There was no question that Haruhi wanted to sit behind me in class again next year. There was no question that she’d occasionally poke me in the back with her mechanical pencil, regardless of whether class was happening or not, saying, “Hey, Kyon, I’ve been thinking—” before excitedly launching into an explanation of whatever it was I’d come to wish she hadn’t been thinking about. And to do that, she’d have to be in the same class as me, which meant we’d have to be aiming for roughly the same level of college, which naturally led to her having an interest in my grades. I mean, I was the SOS Brigade’s exclusive errand boy. It was the same way an army made up of only officers would be useless. It was Haruhi’s job to give orders, and it was my job to carry things around.

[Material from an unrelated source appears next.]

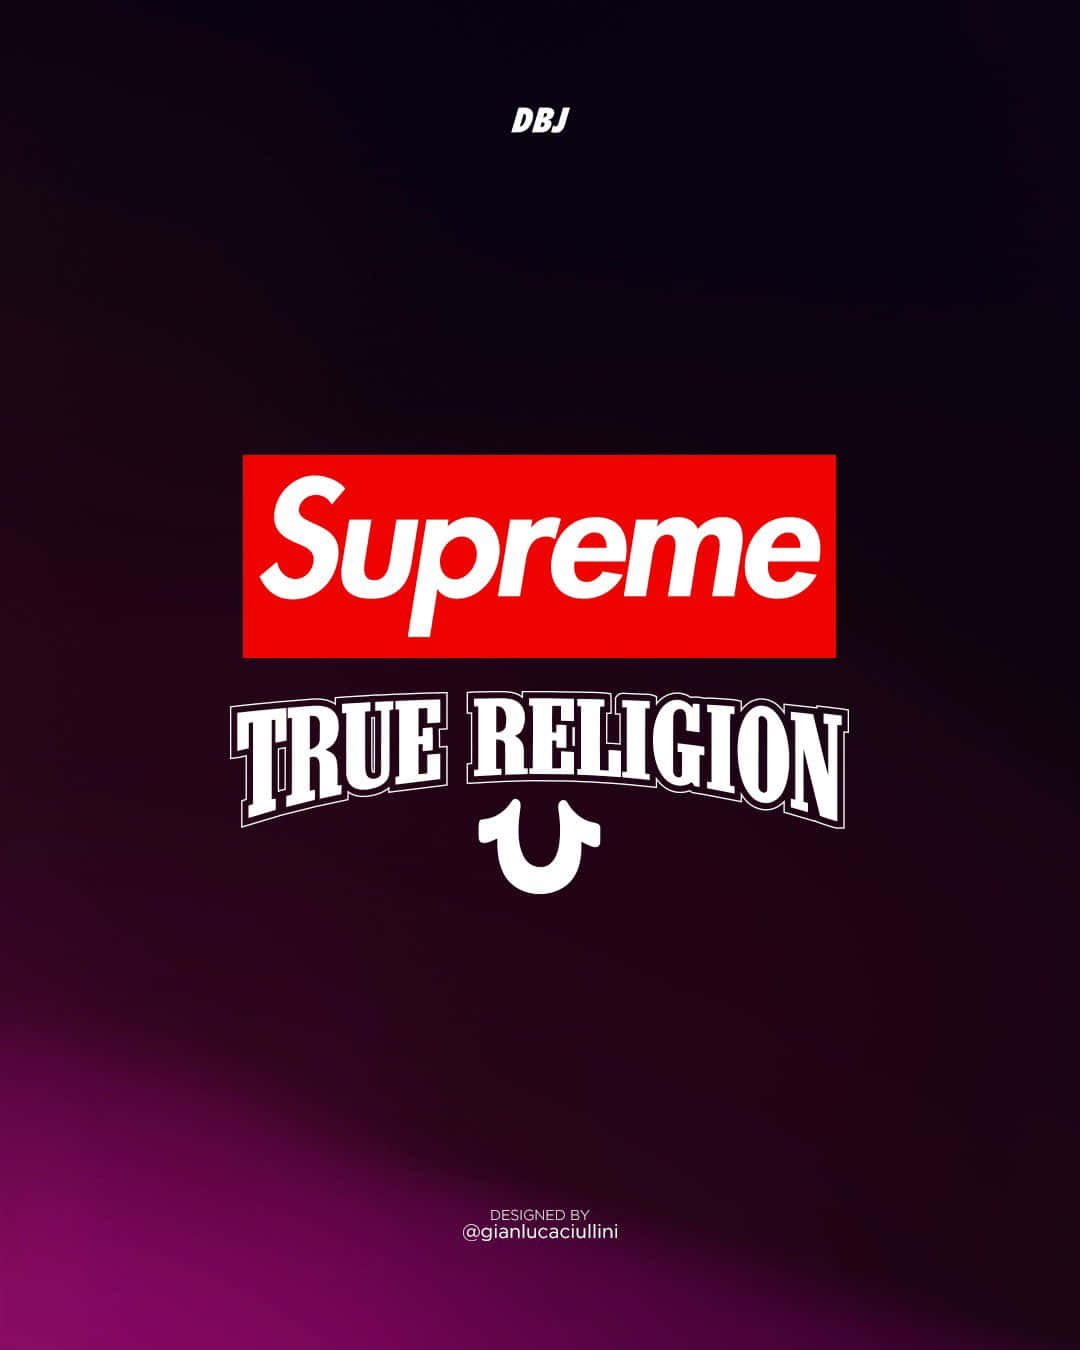 True Religion - Premium Denim Crafted with Unrivaled Quality Wallpaper

That had been the way things were last year, and I had no doubt that they would continue into next year. That was certainly what Haruhi wanted, and she’d do anything to make her desires reality. We could even wind up repeating this last year over and over into infinity.
Of course, I didn’t think anything like the August incident would happen again. Haruhi wouldn’t reset the year. I was fairly sure of that.
Why was I so sure? Because I knew that the year that followed the creation of the SOS Brigade had been a lot of fun for Haruhi. Haruhi would never unmake those memories. I was positive.
I could look at the way she was right now and know.
I once again looked at the scene below me.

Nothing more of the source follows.